Next, we investigated the anti-tumor, cytotoxic effects of CLR1404 in a variety of neuroblastoma lines and compared to potential effects on normal cells. CLR1404 treatment dose-dependently decreased tumor cell viability (Figure 2A) and led to robust and irreversible apoptosis as demonstrated by a significant percentage of DNA fragmentation in four different NB cell lines, without indication that CLR1404 has an effect on cell cycling (Figure 2B, 2C). The amount of uptake of CLR1404 did not strictly correlate with the degree of apoptosis or cell death induced by CLR1404. Likely this reflects variances in cell signaling profiles of the different cell lines, as indicated by the effect of a control pan-kinase inhibitor, staurosporine. Inhibition of the anti-apoptotic PI3K/mTOR/Akt pathway has been well described as a hallmark anti-tumor mechanism mediated by APLs. In particular, the serine/threonine kinase Akt, downstream of PI3K, is a key regulator of cancer cell survival mechanisms [17,23], and is one of the best characterized targets of APLs [3]. CLR1404 treatment led dose-dependently to inhibition of Akt phosphorylation in neuroblastoma cells in concentrations above 5 μM (Figure 3A) and important activation of the downstream effector caspases 3 and 7 (Figure 3B). We did not investigate whether inhibition of Akt phosphorylation was a direct effect of the drug on Akt itself or occurred due to indirect effects mediated by other cell signaling pathways. However, the observation is noteworthy, since activation of Akt has been reported in NB, is associated with poor prognosis [24,25] and consequently, considered an attractive target for NB therapy [26-28]. APLs have shown several other anticancer effects that may lead to Akt-independent apoptosis, such as triggering the stress-activated protein kinase, c-Jun N-terminal kinase SAPK/JNK or other well-described apoptosis pathways which bypass Akt and could have contributed to our findings [3,29,30]. Regardless of the potential underlying mechanisms, all tested NB cell lines showed significant apoptosis and cell death after exposure to CLR1404, while primary cells were not affected, an important in vitro result which prompted us to proceed with animal experiments.

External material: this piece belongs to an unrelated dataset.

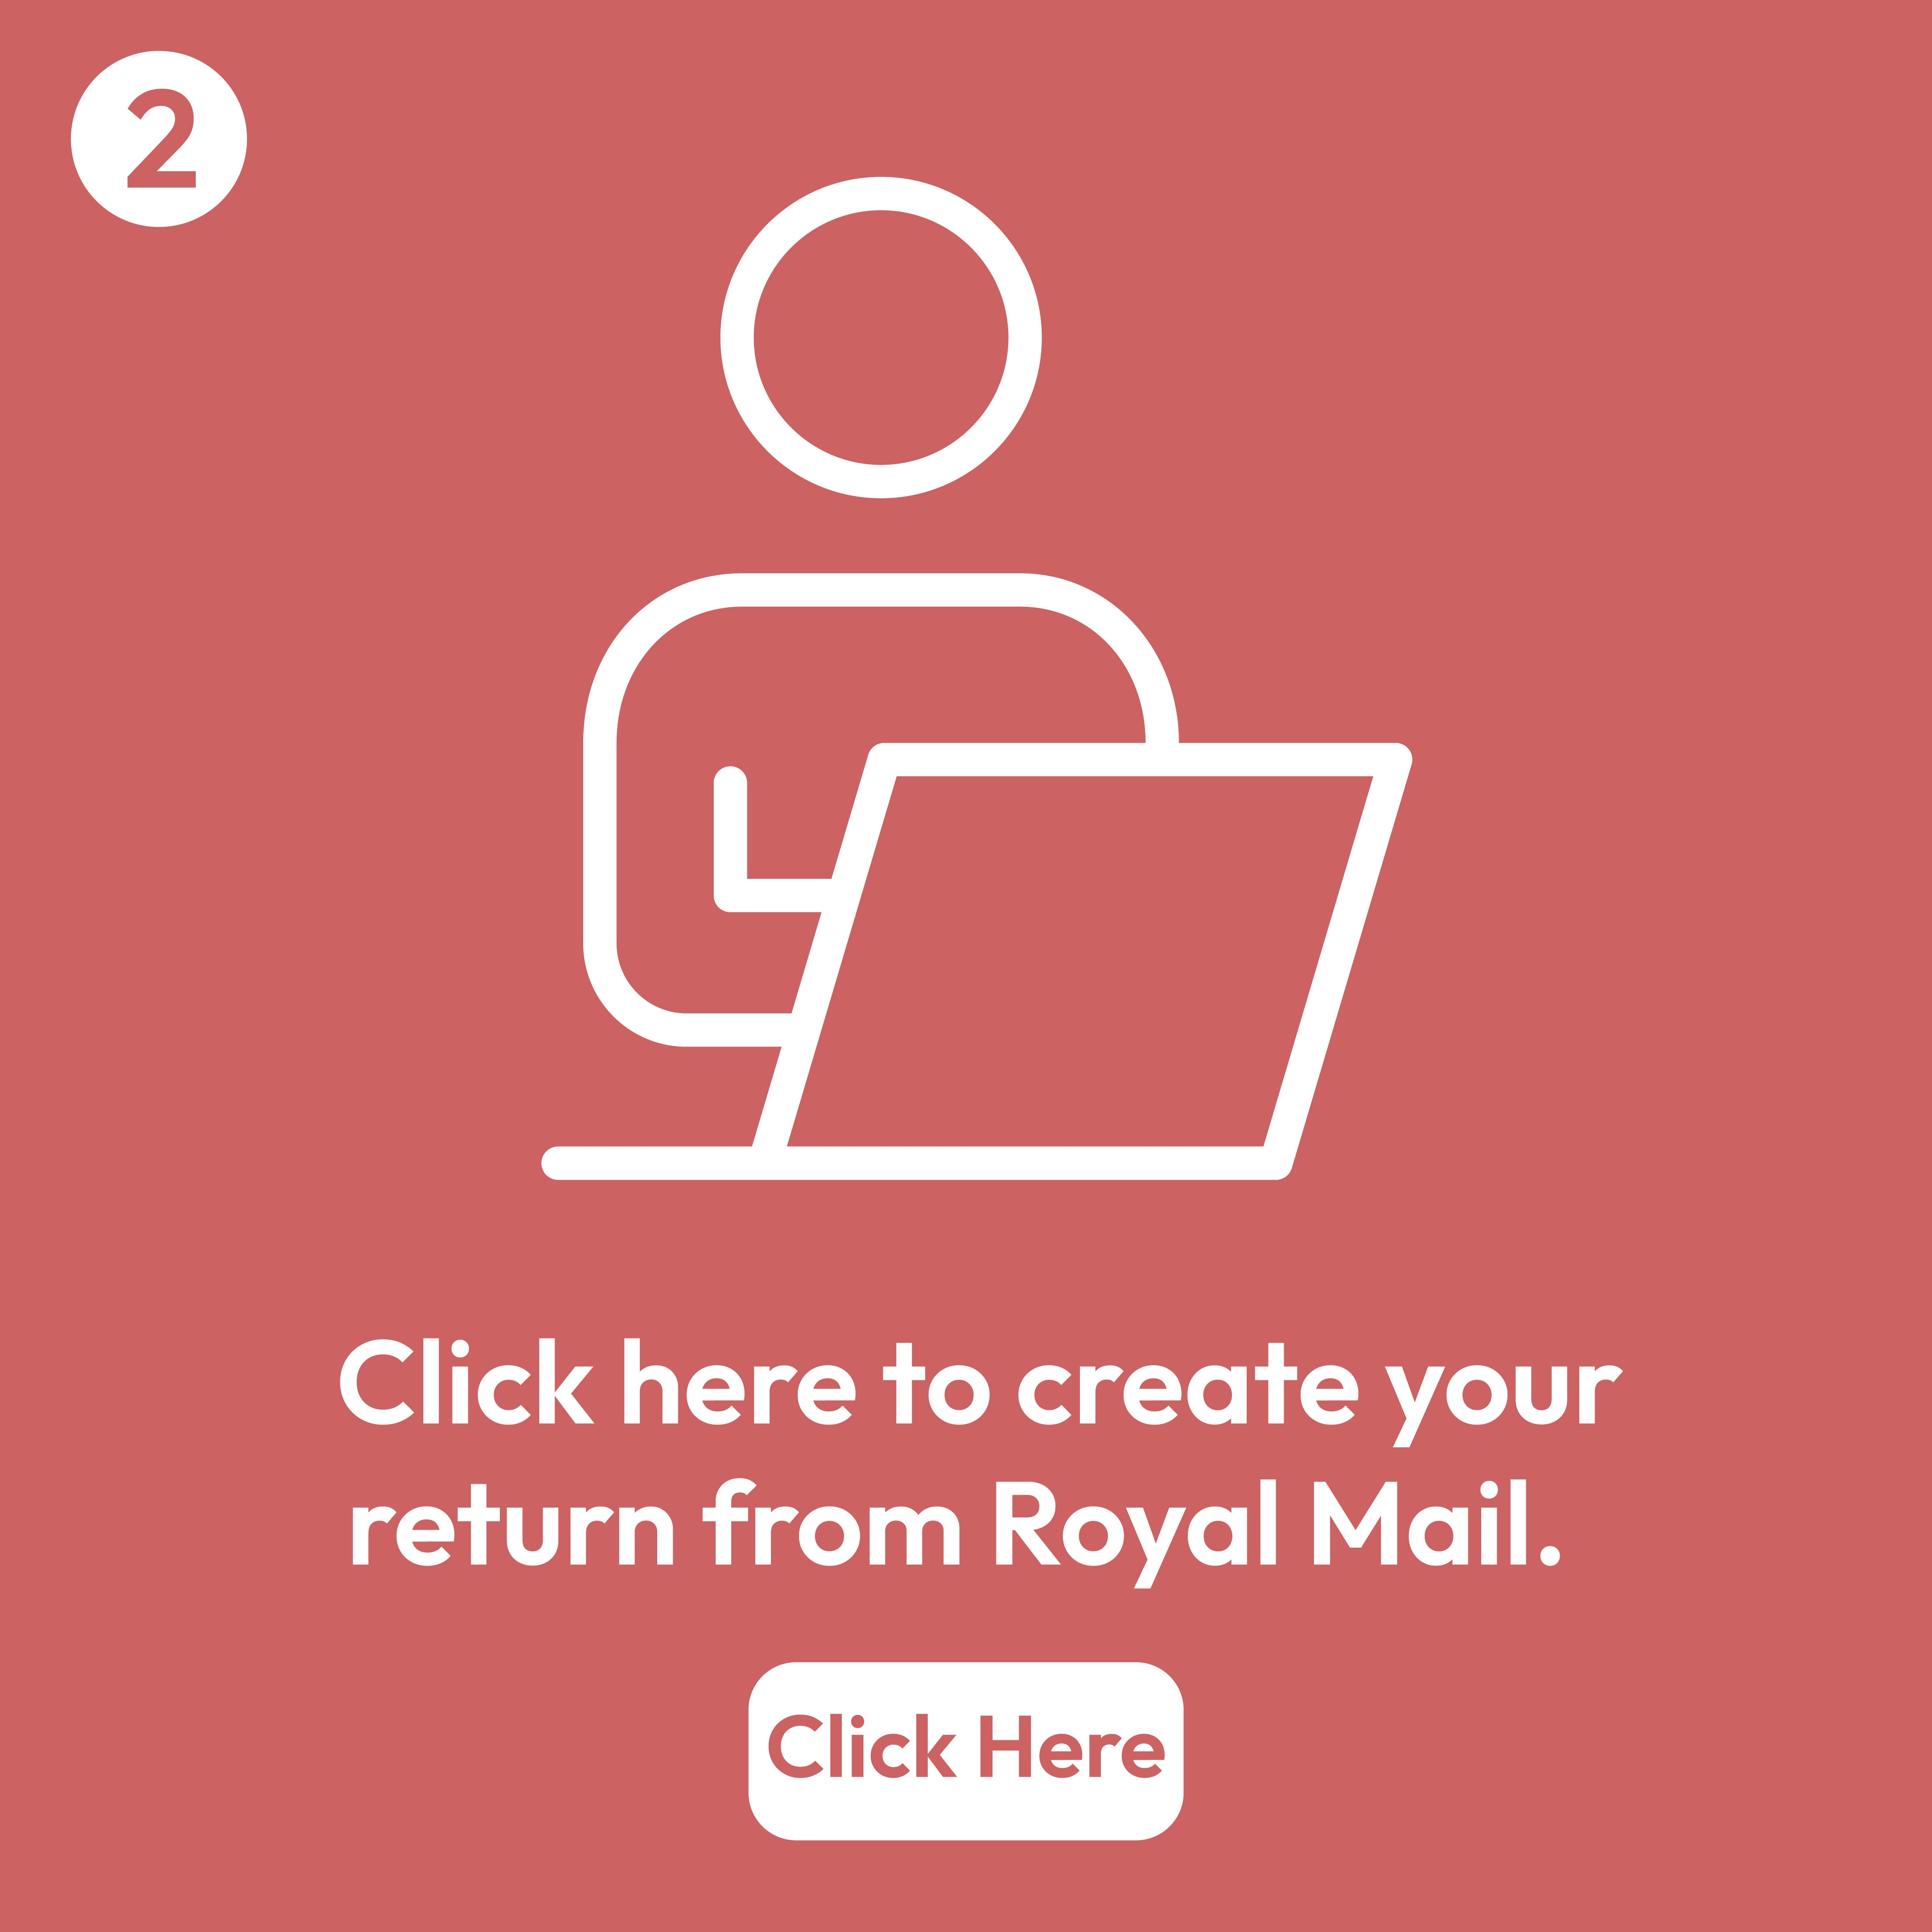 Create your return from Royal Mail
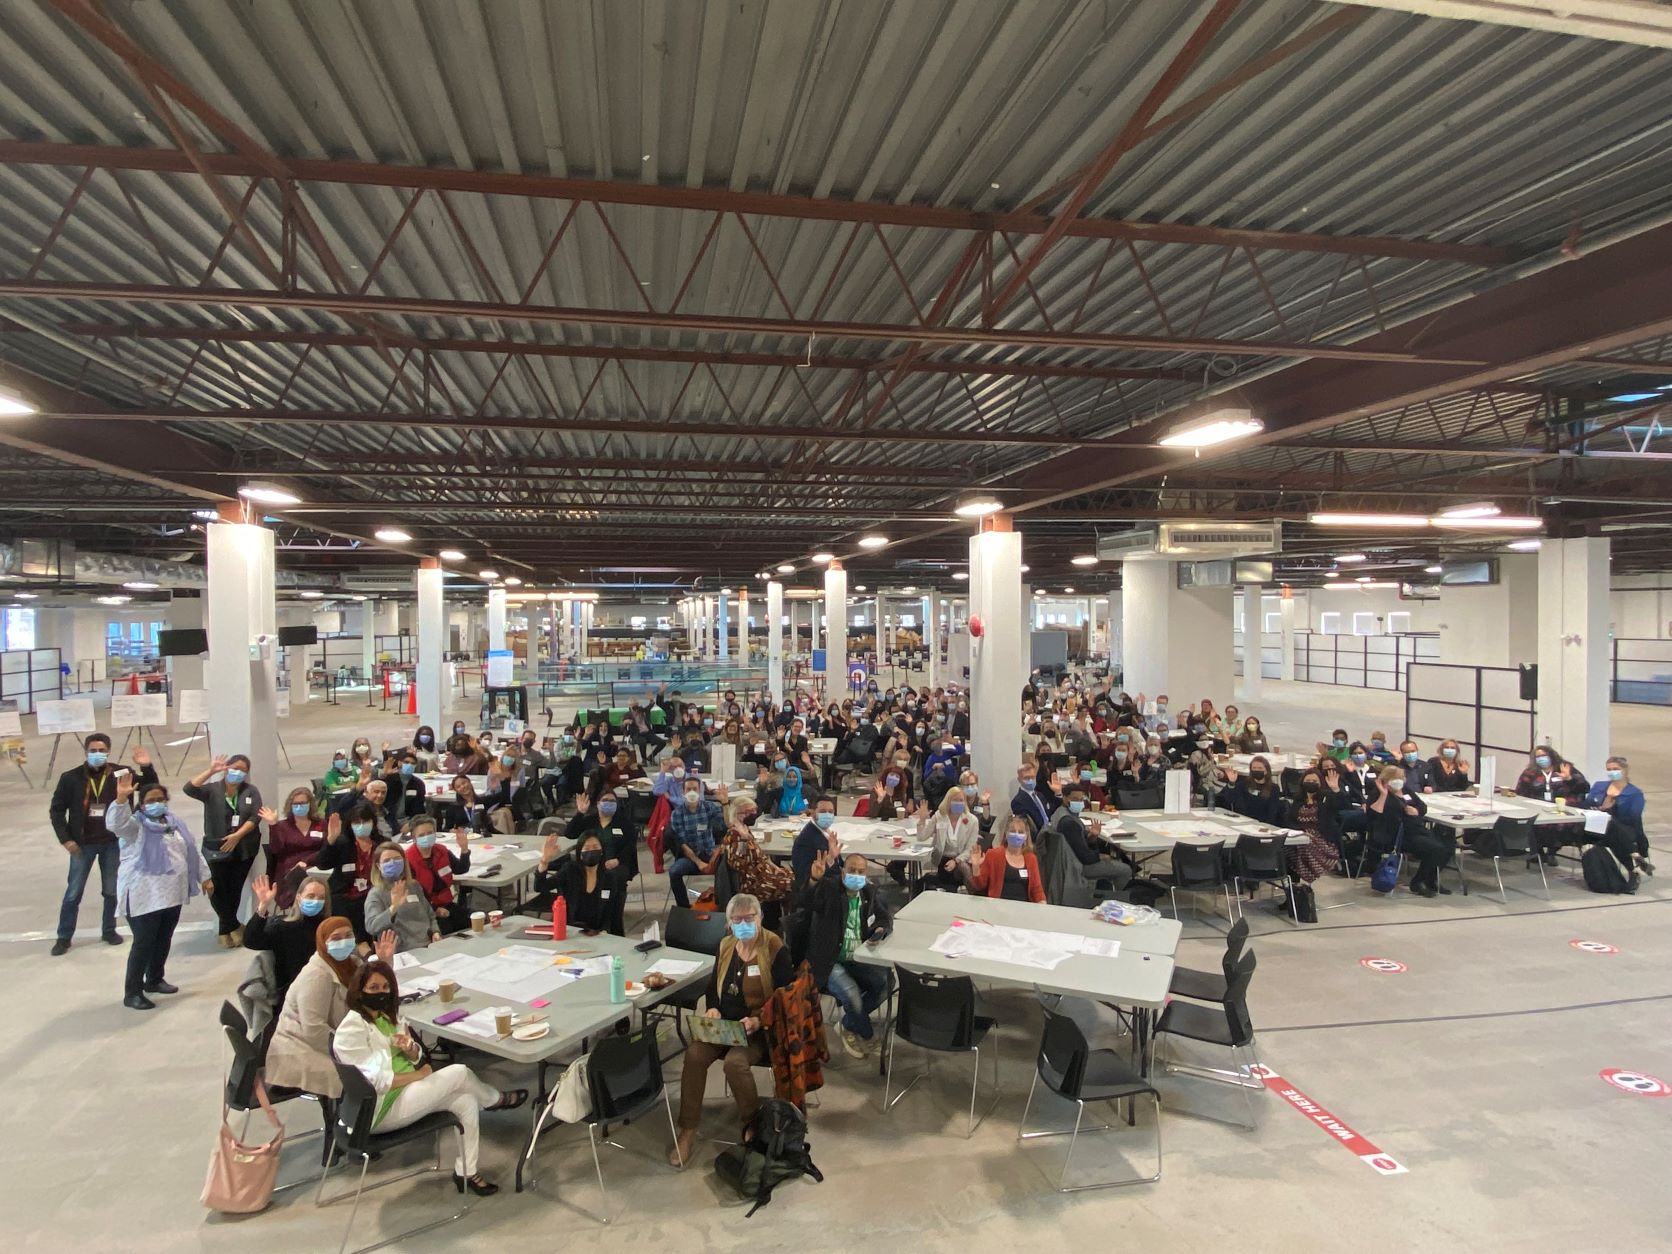 Featured image for “ETHP welcomes 130-plus members in Thorncliffe Park for first in-person planning session since February 2020”

In vivo tumor uptake of CLR1404 was confirmed in mouse flank xenograft models using CT/positron-emission tomography (PET) imaging with ¹²⁴I-CLR1404, a radioactive isostere of CLR1404 currently in clinical trials for PET/CT imaging in adult malignancies. All tested NB xenografts were highly PET/CT avid and incorporated ¹²⁴I-CLR1404, with high tumor specificity (Figure 4; Table 1). While our experiments were meant as a tool to demonstrate in vivo tumor uptake and not powered or designed to provide data aimed at dosimetry, our results are in line with more extensive data previously published by us in adult malignancies, both in pre-clinical and clinical studies [6,7] and suggest that ¹²⁴I-CLR1404 could have a potential role as an imaging agent in NB. This would be particularly interesting for NB tumors that are not avid for the clinically used scintigraphy tumor detection scan with ¹²³I-metaiodobenzylguanidine (MIBG). Separately, a recent study has suggested superiority of ¹⁸F-fluorodeoxyglucose positron emission tomography (¹⁸F-FDG PET/CT) compared to ¹²³I-MIBG in regards to sensitivity to detect neuroblastoma in patients [31]. Given the uptake mechanisms of ¹²⁴CLR1404 and its selectivity for malignant tissue that differ significantly from both ¹⁸F-FDG and ¹²³I-MIBG, dedicated and comparative studies will be necessary to determine the utility of ¹²⁴I-CLR1404 in this particular context.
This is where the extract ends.